Thanks for getting back so soon, @Stefaanhess . My GPU cluster is being a bit unresponsive today but I will try everything you suggest and report back ASAP. The one point I can report back on right now is my split file. I generate my split files randomly but in such a way that one geometry optimisation is never divided between the training set and the validation set (i.e. one geom walk can only end up in the training set or the validation set).

JordD04 commented 2 years ago

Sorry for the long wait. Apparently many of my cluster's GPUs were being reserved for an event. I reran the training with: "aggregation_mode": "sum", "environment_provider": "ase", and "normalize_filter": true, both individually and together. Unfortunately I get the same results.

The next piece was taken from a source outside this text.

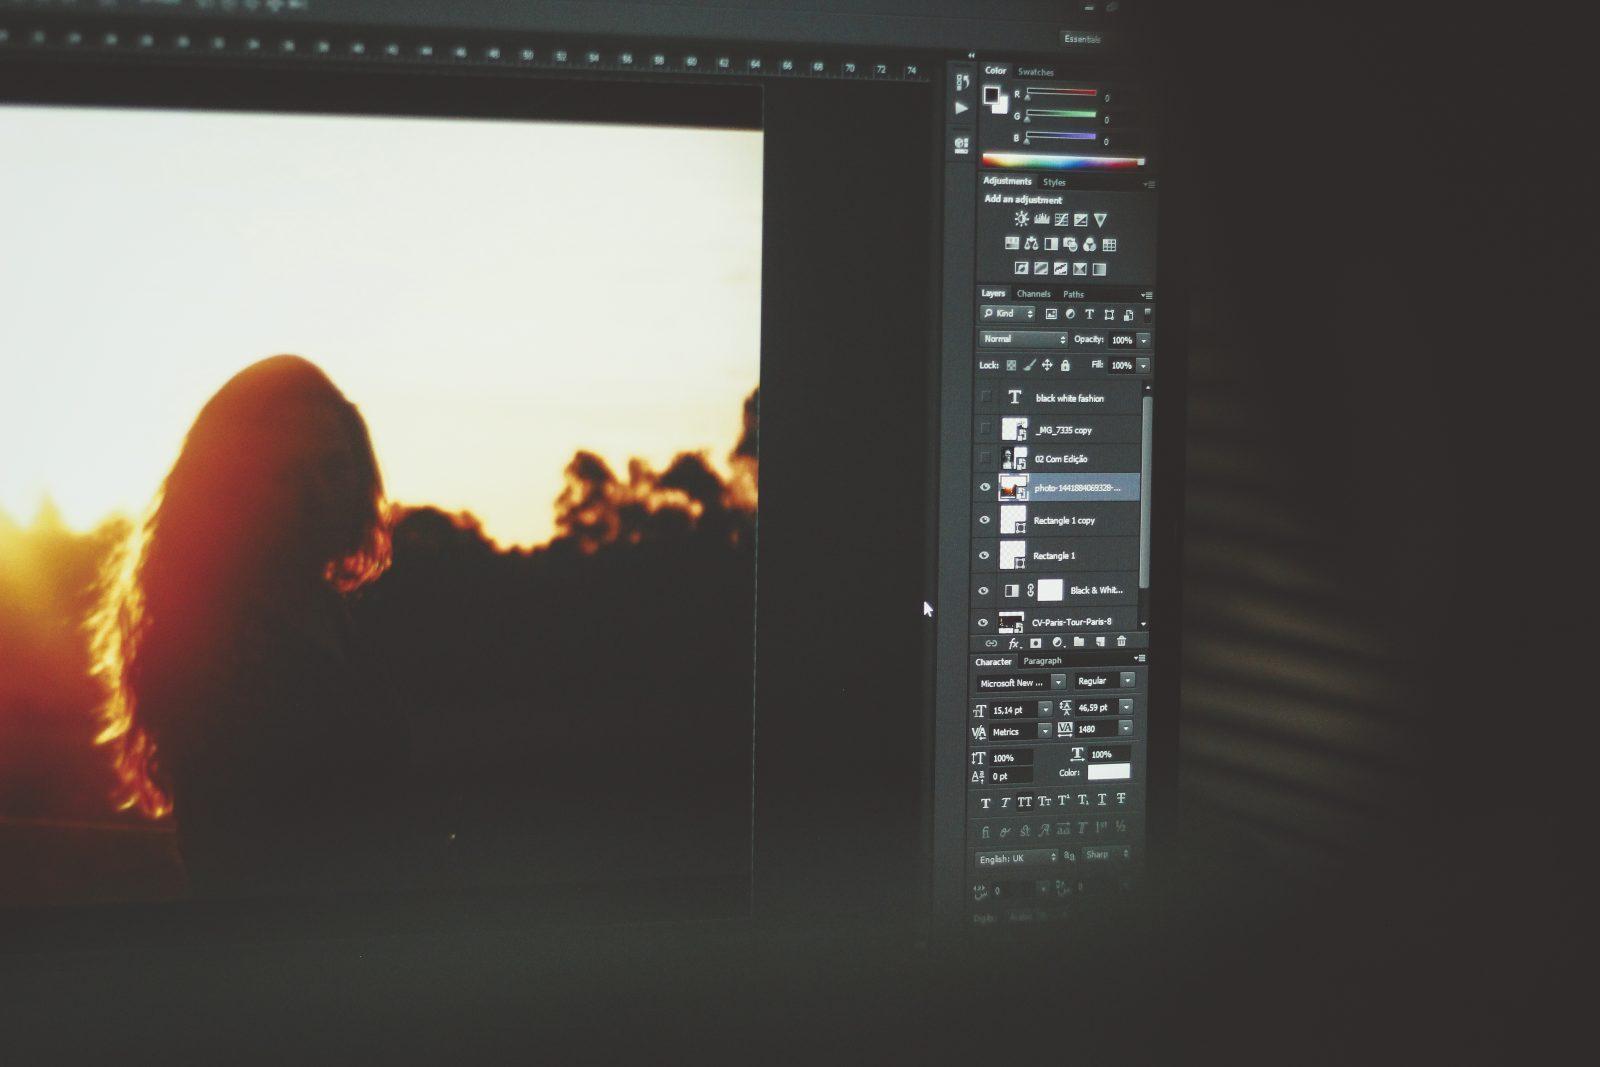 Photoshop Farbe Ersetzen Funktioniert Nicht Bei Schwarz Und Weiß – Hier Ist Die Lösung

My group is using a slightly older version of SchNetPack because we've had trouble getting the newer version to work. I think

    ep_device = torch.device(args.environment_provider_device)
AttributeError: 'Namespace' object has no attribute 'environment_provider_device'

was the error people were reporting to me.

I've attempted to train using the Dev branch but it's causing me a little bother. I generally train with spk_run.py which seems to be absent on the Dev branch. I've been using https://github.com/atomistic-machine-learning/schnetpack/blob/master/src/examples/ethanol_script.py and the ReadTheDocs to aid in writing a script but it looks like a lot has changed in the Dev branch. The AtomsData class has been removed, but I think I can replace that with ASEAtomsData (?). However, schnetpack.atomistic seems to be completely different now. Is there any documentation for this?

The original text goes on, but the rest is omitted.